I’m aware of trends but seldom on trend. True crime podcasting seems to have taken over the world – but since I’ve never taken to true crime and don’t listen to podcasts, that one has pretty much passed me by. Before that, I remember a turn to domestic noir – which was fascinating in the abstract, but so uncomfortable to read. Even in the case of really gripping examples, I struggled with the claustrophobia, paranoia and women in peril narratives. I’m probably more in tune with what might be the biggest trend since the pandemic: the resurgence of ‘cosy’ crime. The TV manifestation of this is my go-to end of day viewing – which perhaps says more about the state I’m in by the end of the working day than the quality of the shows (no, I’m not naming names). On the page, I think historical crime fiction is a well-established trend and one that’s only going to grow in popularity. Aside from its advantages in evading technological short cuts (ah, the curse of the mobile phone), the past – even the murderous and bloody past – feels a more reassuring space to occupy than the present. Perhaps for the same reason, my reading has been going backwards, catching up with some books I should have read years ago. Most recently, that’s been Frances Iles’s Malice Aforethought, and Dorothy B. Hughes’s In a Lonely Place – amazing book, even if it is full of all the things I said I didn’t like! And, finally, I’ve been reading some of Percival Everett’s genre-defying fiction: Assumption and The Trees. He manages to be both funny and disturbing, and both books have really stayed with me.
3. Which book(s) do you find yourself returning to most often?

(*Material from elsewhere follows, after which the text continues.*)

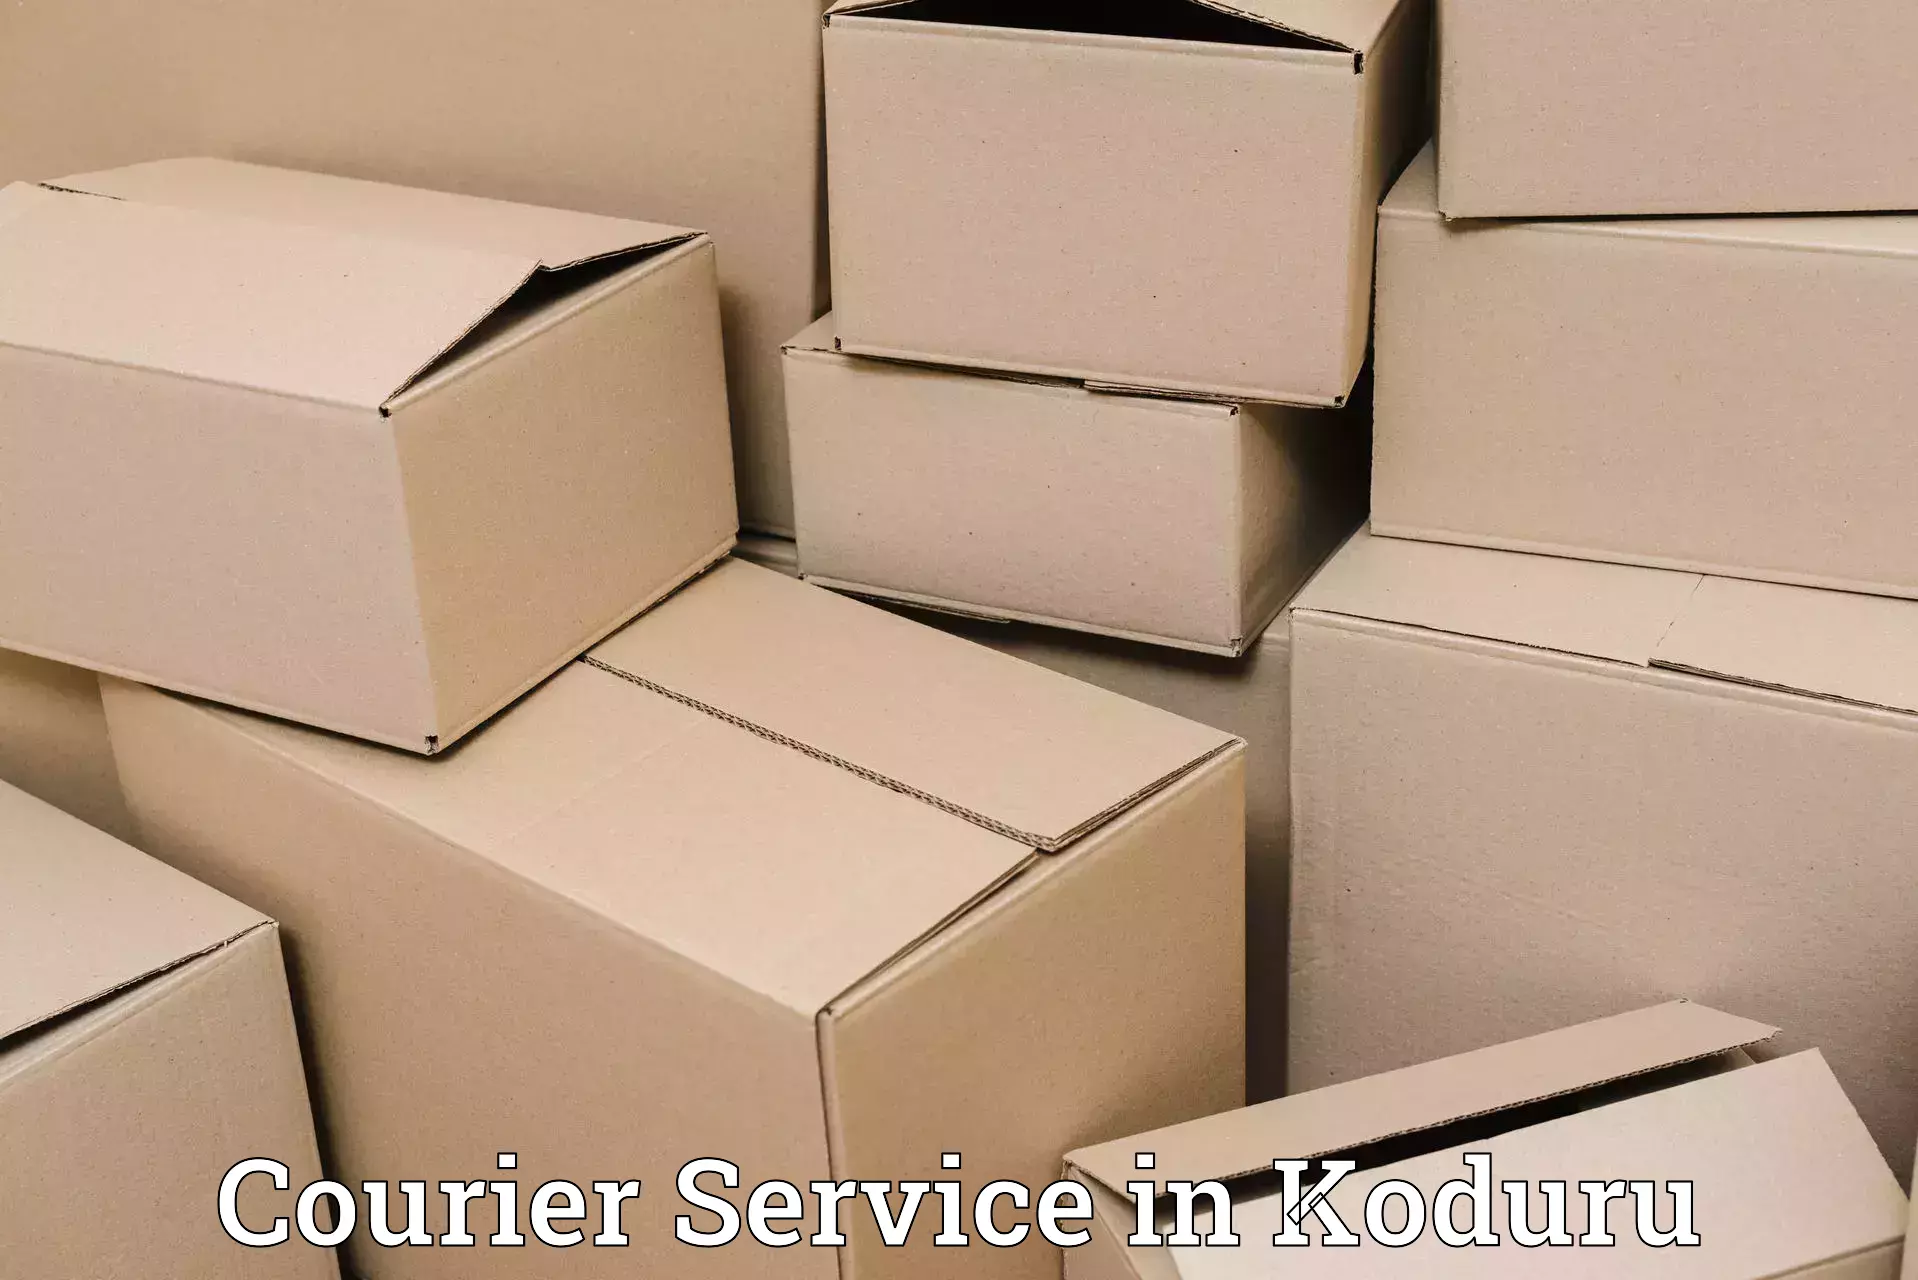 Global shipping networks in Koduru

Oh, lots of books… or perhaps, more appropriately, lots of series. I re-read crime for work, not for pleasure, but I love a new book in a series. Just as people used to want a Christie for Christmas, I’ve spent decades anticipating a festive Rebus. So, the slowing down of production at the Rankin factory has been a blow to my relaxation. I’m also struggling with the lack of new instalments in Abir Mukherjee’s Wyndham and Bannerjee series, Mick Herron’s Slough House, and Val McDermid’s Karen Pirie series. The list could go on. In terms of rereading, though, I am constantly amazed by the brilliance of Maj Sjöwall and Per Wahlöö’s The Laughing Policeman. Its absurdist humour, its social critique, and its playful deconstruction of the form: all constantly surprising. Otherwise, when I want prose that makes me smile, I read Raymond Chandler and when I want a comfort blanket, I read Agatha Christie. Her best books are satisfying even if you know exactly who did what to whom. Re-reading allows you to revel in the process of being seamlessly manipulated, admire the deftness of her character sketches and enjoy the dry humour that underpins so much of what she writes.
4. What is your best piece of advice for emerging scholars in the field?
Argh. That’s difficult, especially given the current pressures on academia. But the genre is still a space of huge critical potential, with so much space for new scholarship through, for example, transnational comparisons and new historical work that complicates our understanding of the genre and its readership. So, I wonder whether the best advice I can muster is keep pushing the boundaries and embrace unexpected bedfellows? Crime writing invites interdisciplinary approaches – conversations with film, history, psychology, gender studies – but it also flourishes in dialogue with modernism, middlebrow writing, gothic studies, and a whole raft of theoretical approaches. Build a supple CV in a horribly constrained and difficult employment environment by illustrating the wide-ranging disciplinary value, and critical adaptability, of crime fiction studies.